## [SOURCE DATA]

= Beginning of Section =

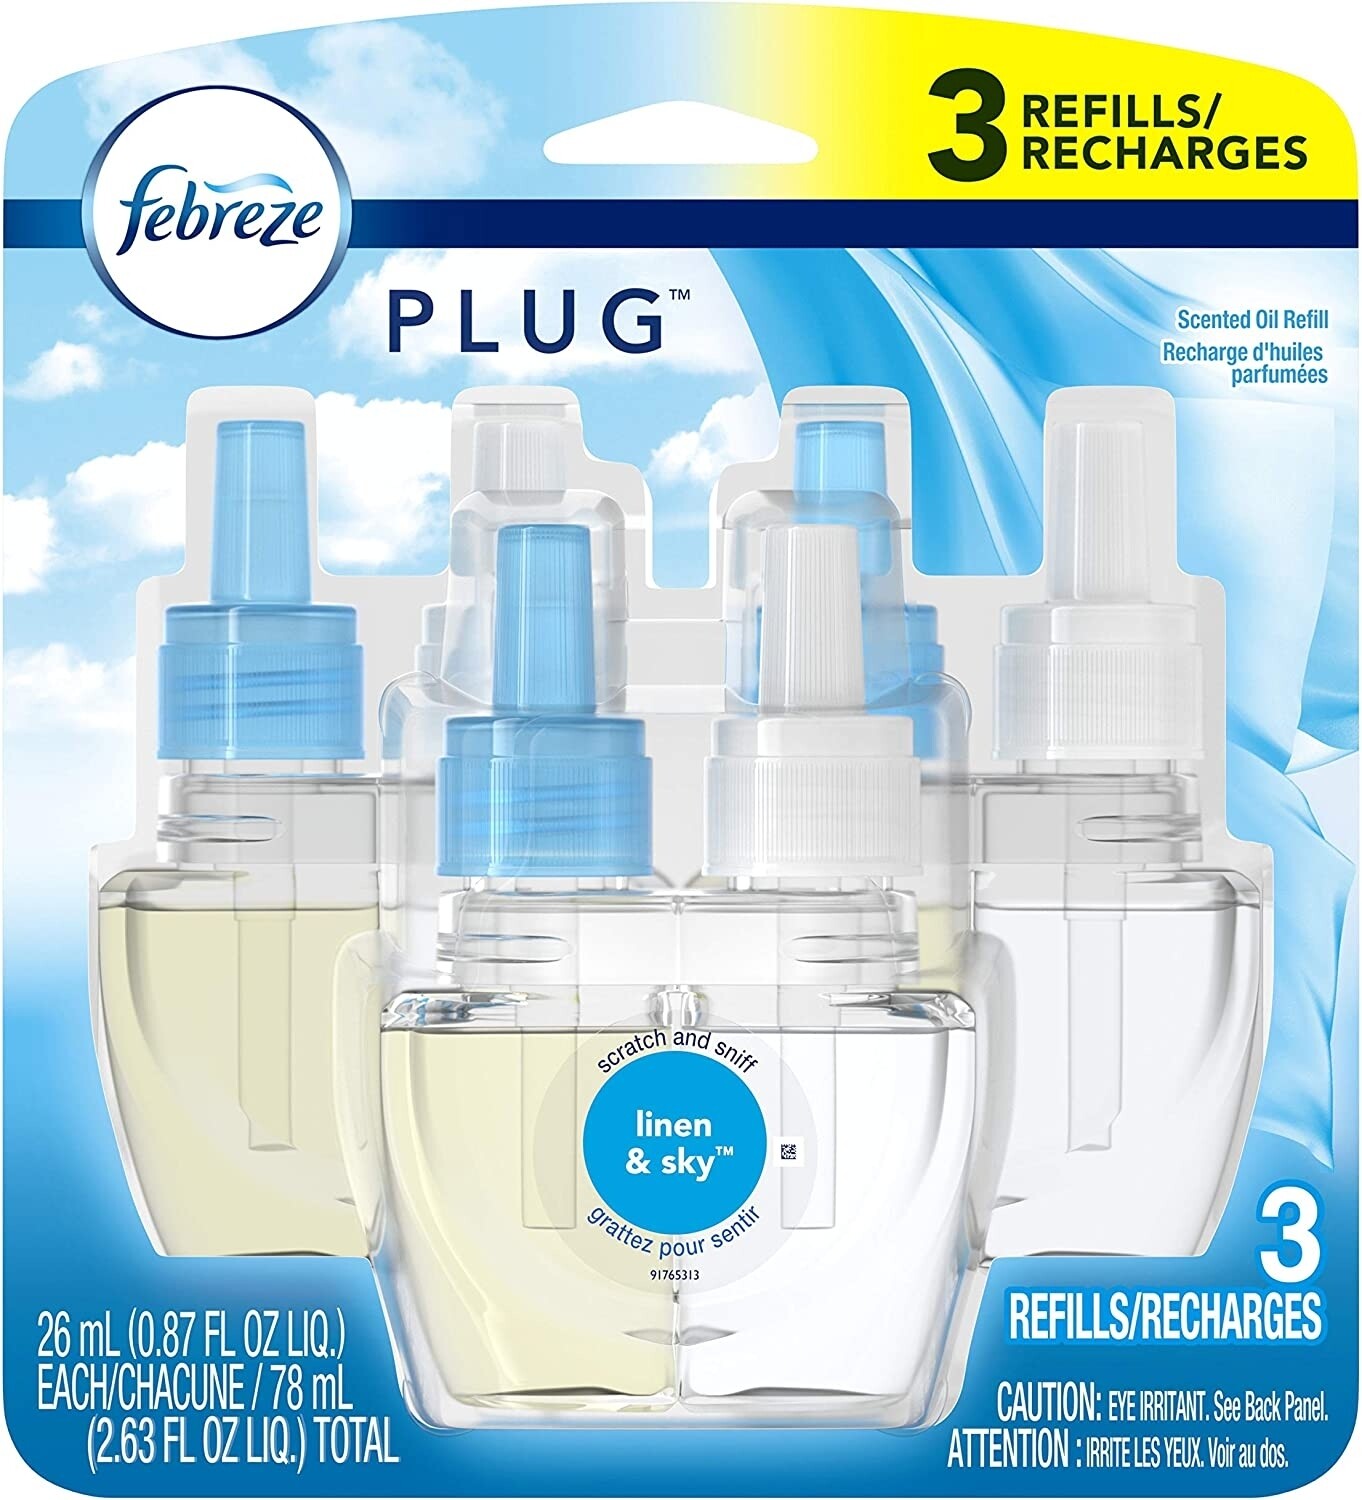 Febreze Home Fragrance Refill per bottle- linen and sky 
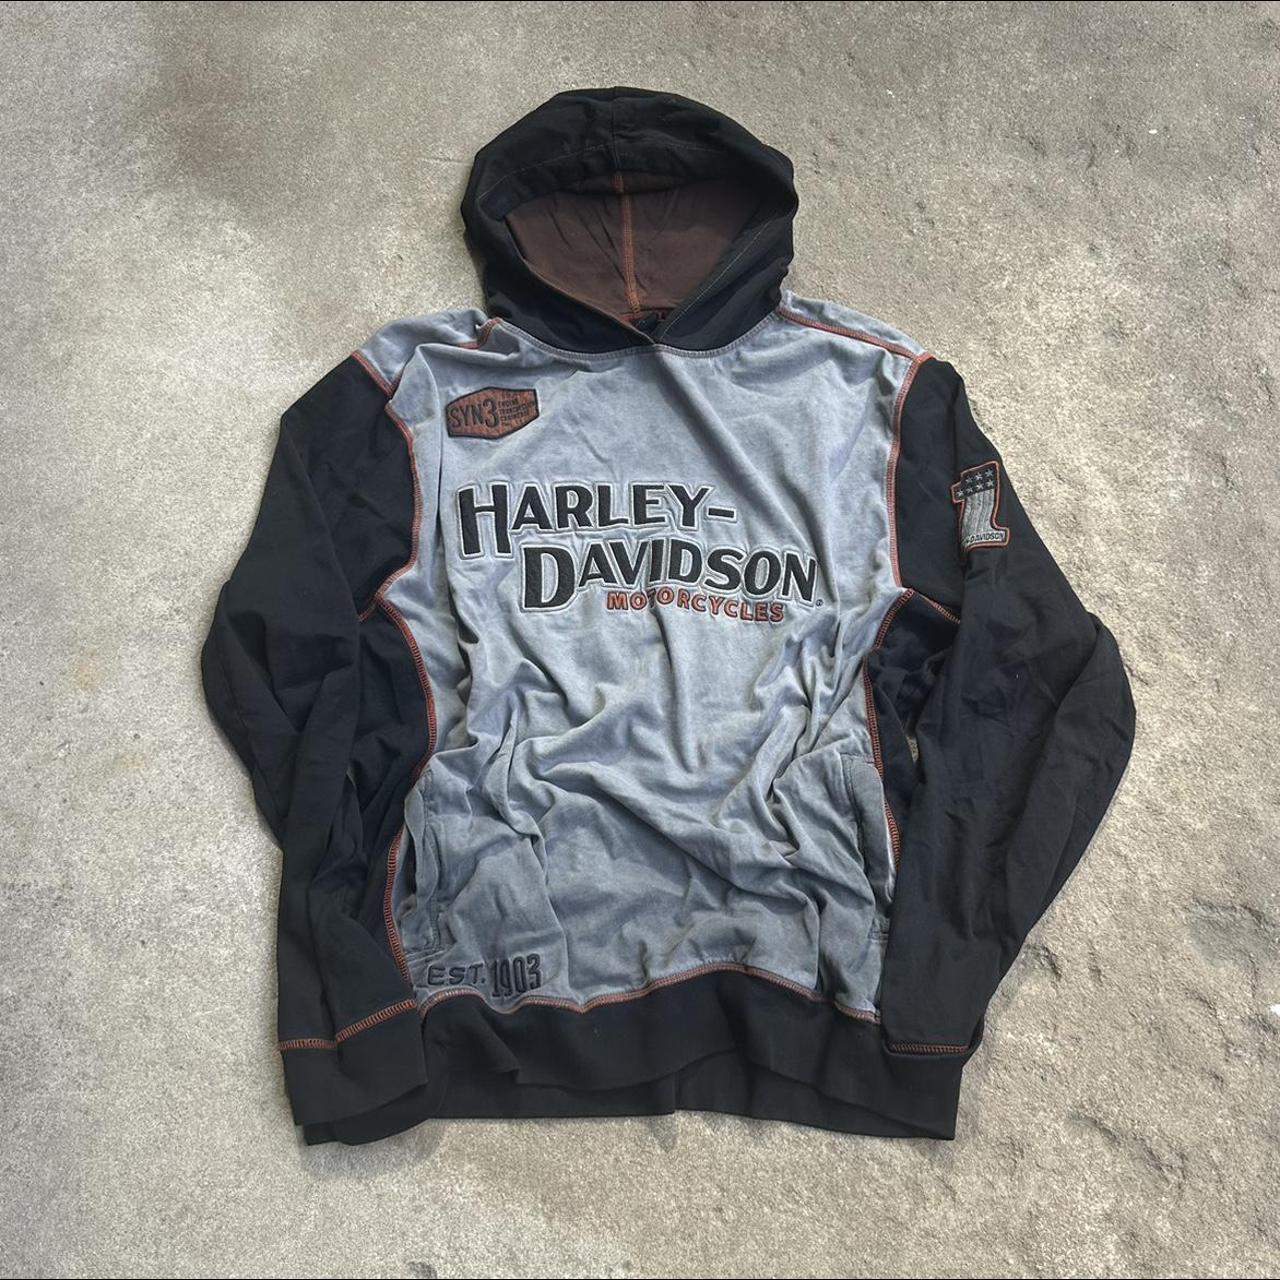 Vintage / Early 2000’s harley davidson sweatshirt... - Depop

= End of Section =
= Beginning of Section =

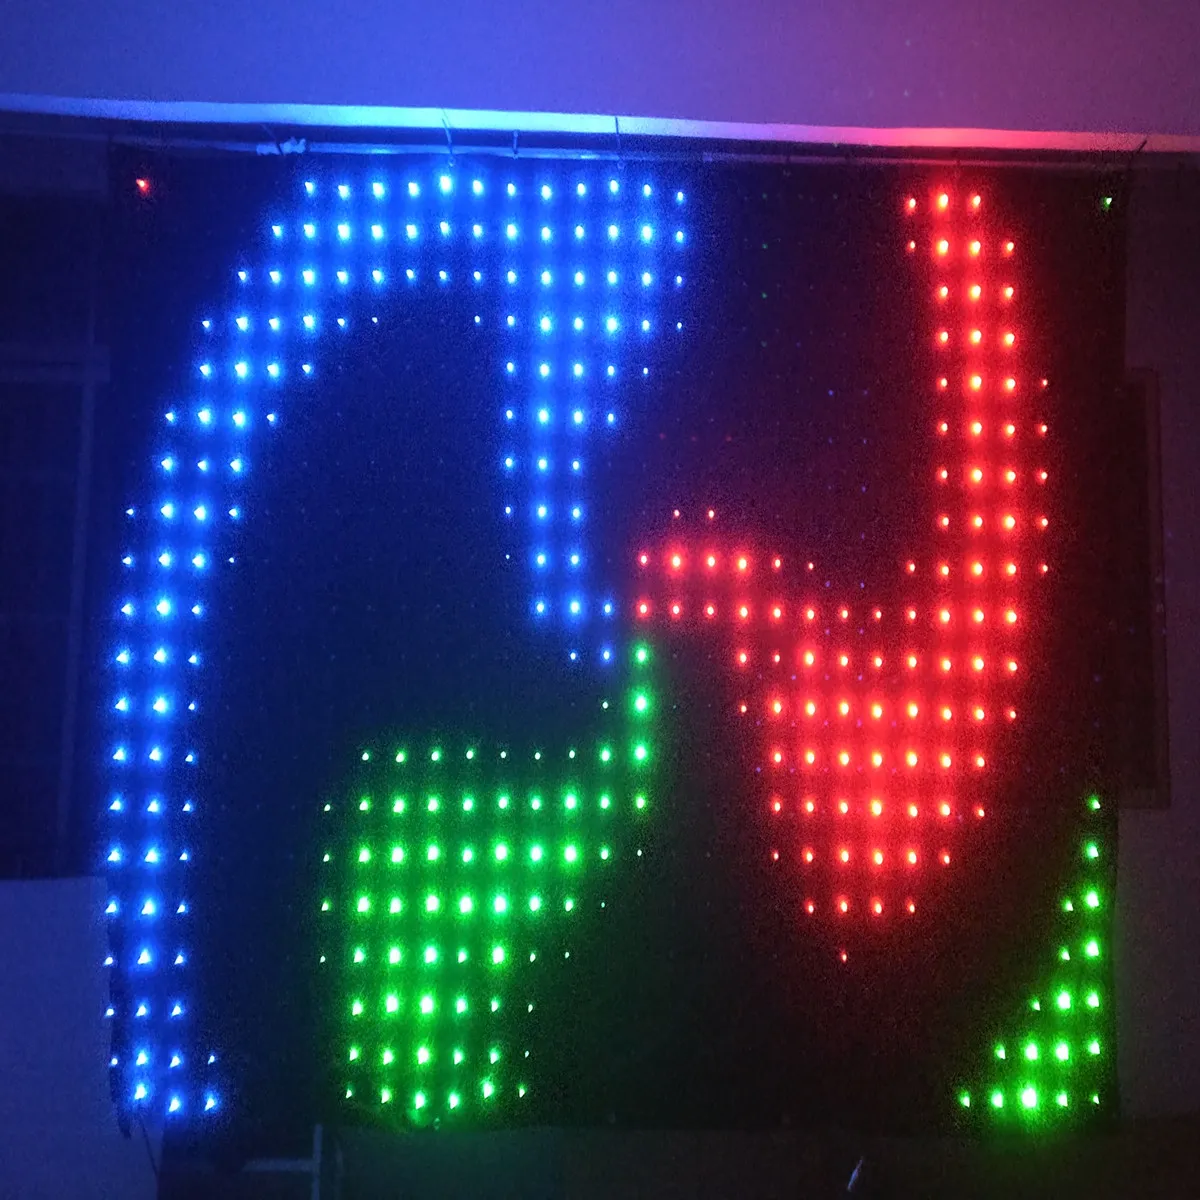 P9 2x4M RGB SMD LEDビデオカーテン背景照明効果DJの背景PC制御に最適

= End of Section =

## [TASK REQUIREMENTS]
In the data above, retype only the stretch from the line with "Febreze Home Fragrance" through the line with "Vintage / Early", word for word, and skip any pictures.

## [PROBLEM SOLUTION]
 Febreze Home Fragrance Refill per bottle- linen and sky 
 Vintage / Early 2000’s harley davidson sweatshirt... - Depop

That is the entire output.